SPEAKER_03Just a quick kind of answer uh what you were talking about before, just the the kind of the way that St. Thomas writes about the filioque, which is just the preceding, the co-proceding, co-spirating from uh father and son to generate the Holy Spirit, is basically the the father and so is the son. Sorry. Yeah, why is that, but that's the significant how stories about it, and I think it's also been discussed in how the way rendered on the country. But that's the way that's the way to think about why they are, how they are, and like in the case of thinking about like incarnation in Mary. Well, God's God in his divine nature is the second person of the Trinity, right? That still doesn't change the fact that he goes to the Holy Spirit anyway. But the spirit, in terms of their metaphobial relationship, still it's like him being generated in physical form still is the endelial one. And that's kind of the way it's like the wing of the word.
unknownRight, exactly.
SPEAKER_01Love hearing you theology. Jerry, quick on before we pray. Yeah.

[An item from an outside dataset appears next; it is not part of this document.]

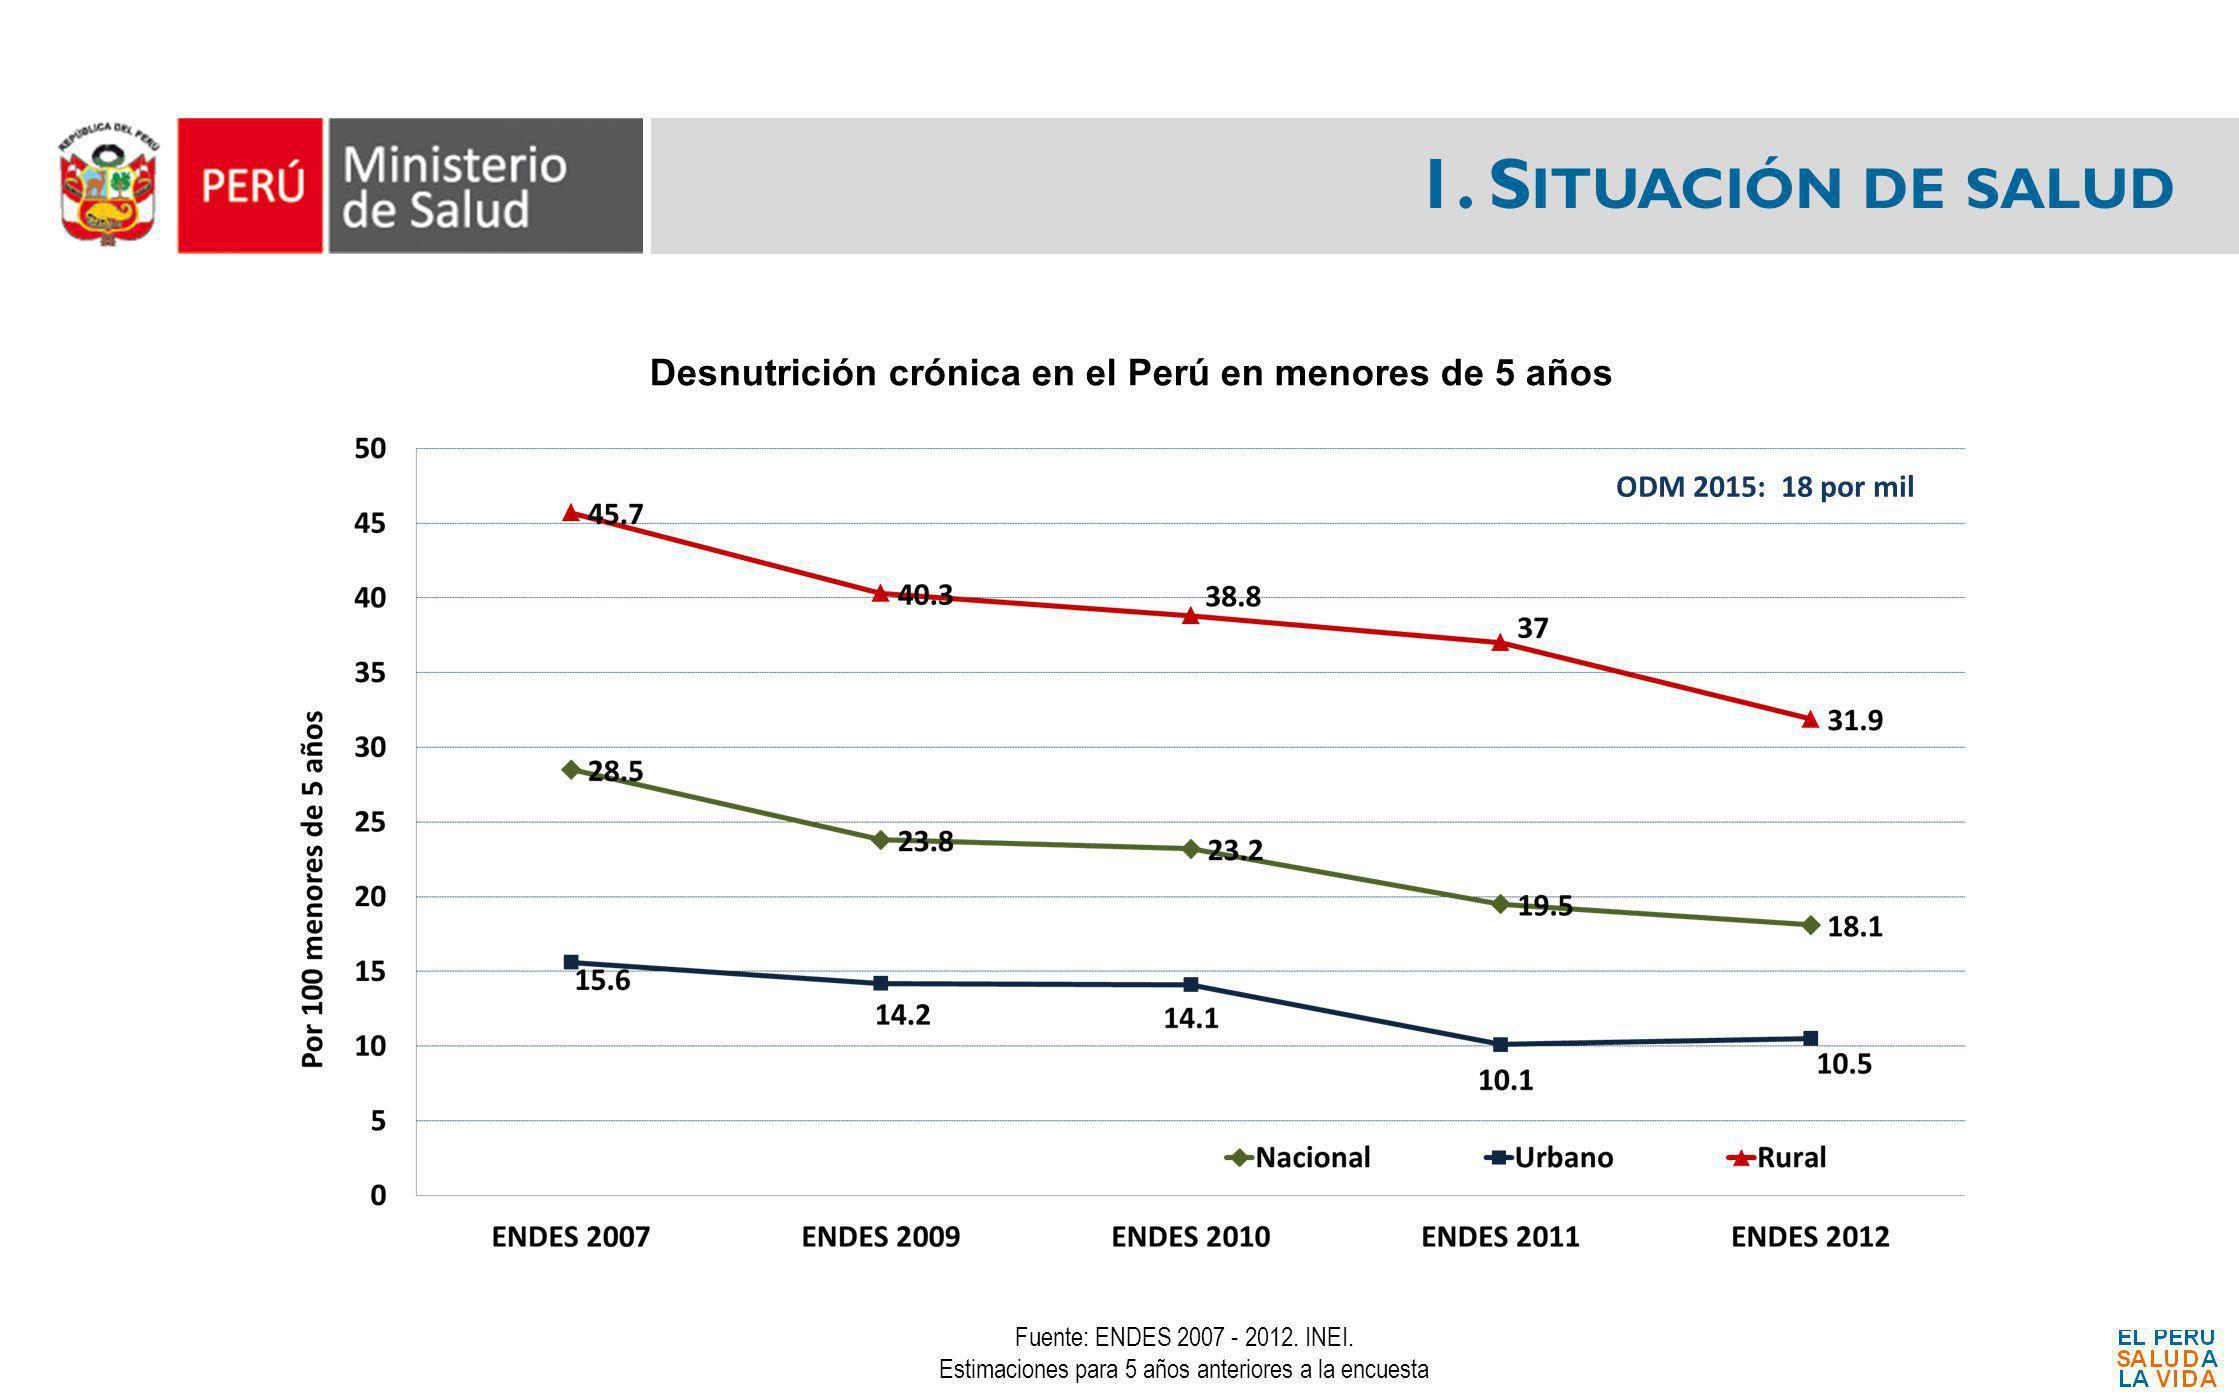 Desnutrición crónica en el Perú en menores de 5 años

SPEAKER_02Why would he be here when we discuss the Trinity? What's that?
unknownTo pose for great pigs.
SPEAKER_02Um I know why. Levi's been here the whole time, here in this whole class, and he understands nothing. Kind of like us trying to understand the Trinity.
SPEAKER_06There it is.
SPEAKER_02Glory be to the Father, and to the Son, and to the Holy Spirit, as it was in the beginning, is now, and ever shall be. World without end. Amen. Have a great Sunday. Good hanging with you all. See you next Sunday at 10 o'clock.